Technical and biological replicates

As shown in Additional file 1: Figure S1, to access the reproducibility of technical replicates, sludge sample from SWH anaerobic digester was subject to replicate DNA extraction followed by independent metagenomic library construction and Illumina Hiseq 2000 paired-end sequencing. In the meantime, two sets of biological replicates were investigated with sludge samples collected at the same location but at two different time points (Additional file 1: Figure S1). These biological replicates include sludge from ST and SWH anaerobic digesters (Additional file 1: Table S9).

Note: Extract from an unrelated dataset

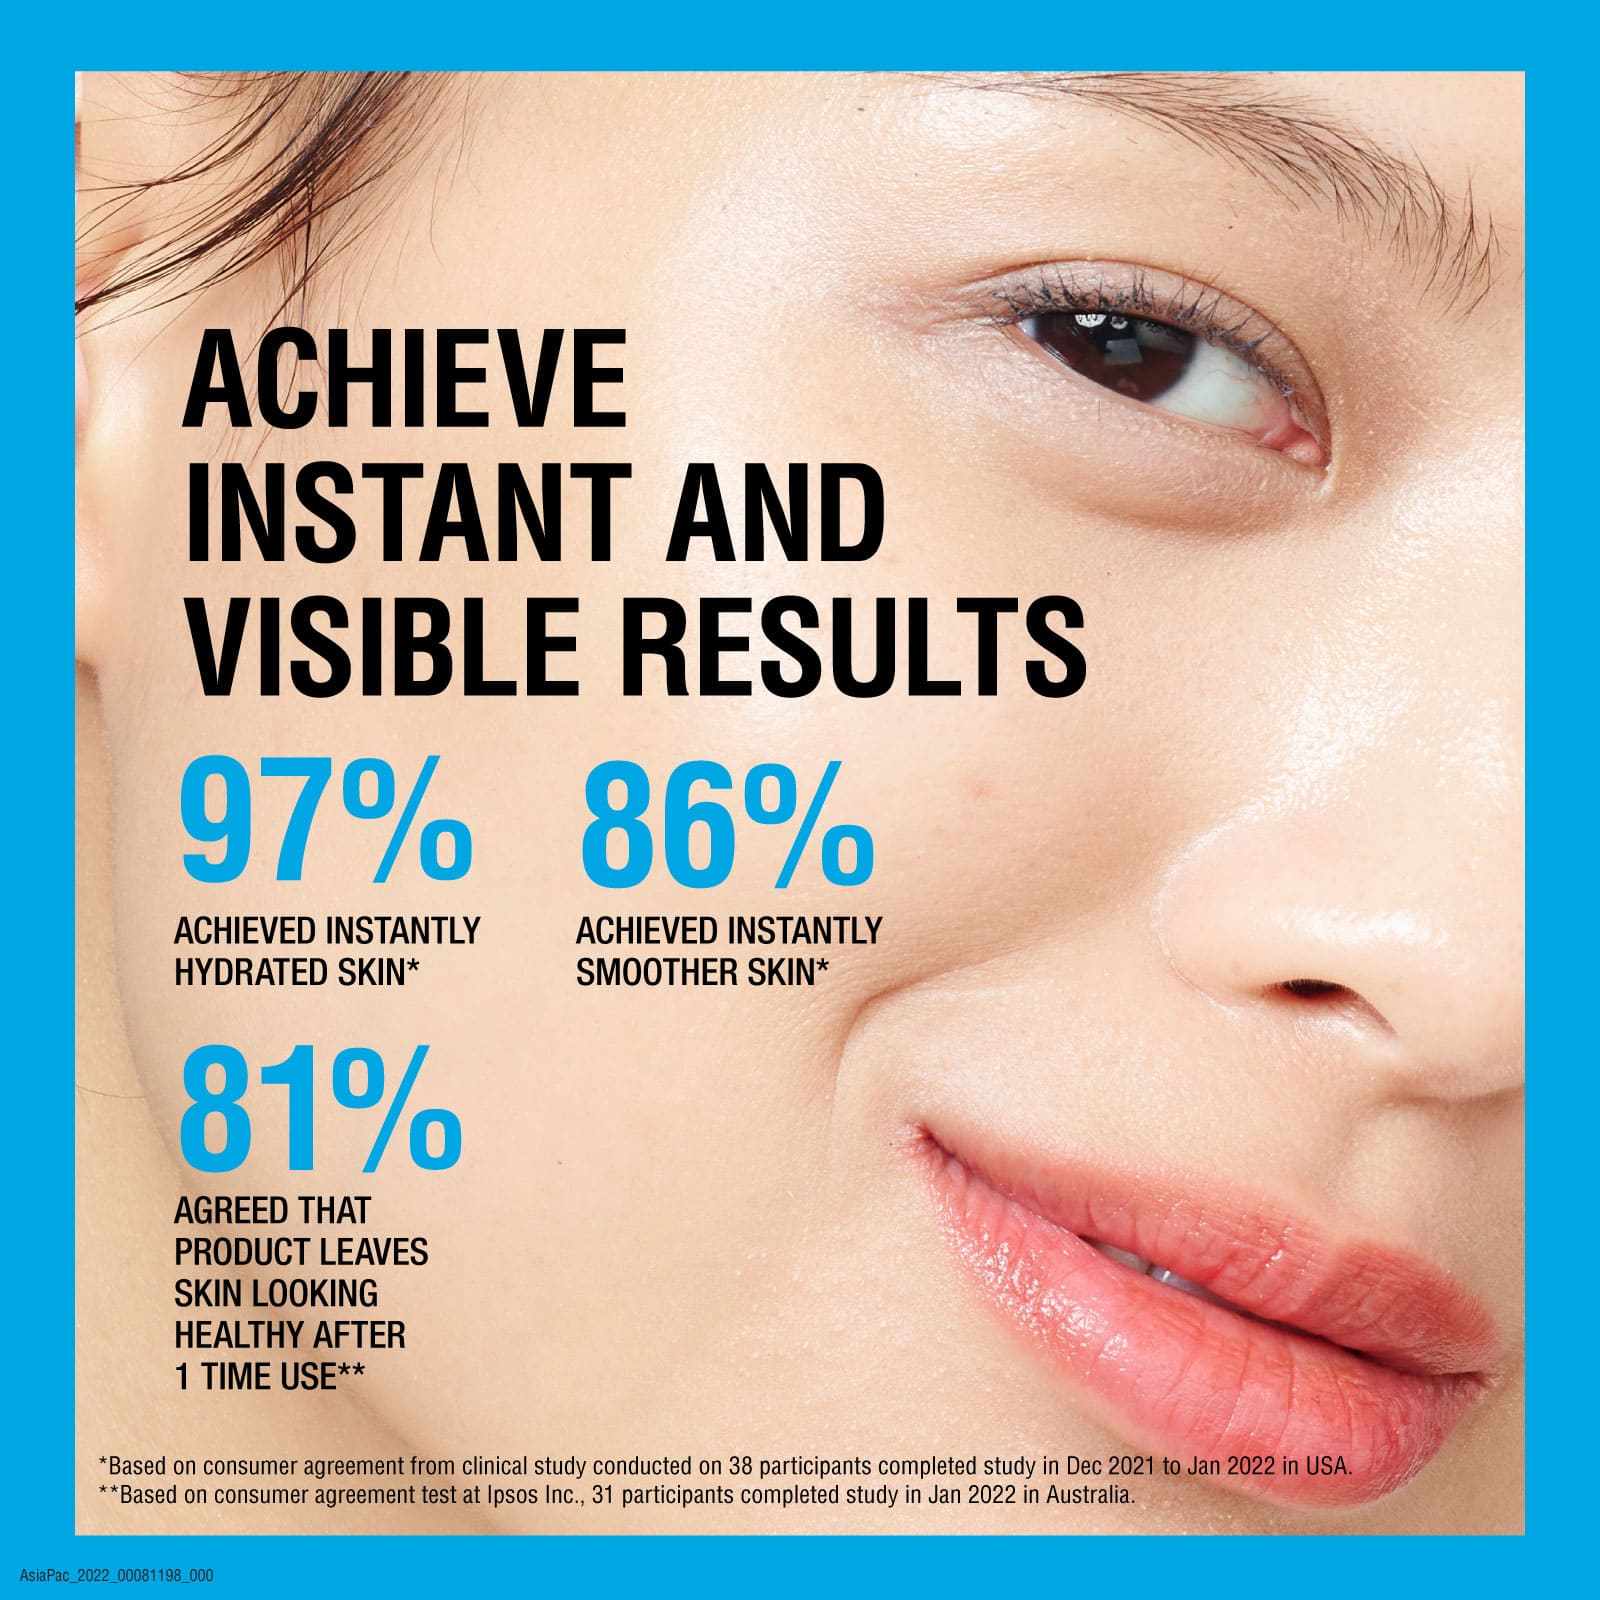 ACHIEVE INSTANT AND VISIBLE RESULTS 97% ACHIEVED INSTANTLY HYDRATED SKIN* 86% achieved instantly smoother skin* 81% agreed that product leaves skin looking healthy after 1 time use**  *Based on consumer agreement from clinical study conducted on 38 partic

DNA extraction and quality control (QC) of metagenomic sequences

Genomic DNA was extracted from 500 mg sample with FastDNA SPIN Kit for Soil (MP Biomedicals, LLC, Illkirch, France). The concentration and quality of the extracted DNA was determined (Nanodrop, ND-1000, USA) and summarized in Additional file 1: Table S5. DNA library of ~180 bp was prepared and sequenced by BGI (Shenzhen, China) using Illumina HiSeq 2000 technology generating 2 × 100 bp paired-end reads following the Illumina’s instruction. Please refer to our previous publications for the technical details [32].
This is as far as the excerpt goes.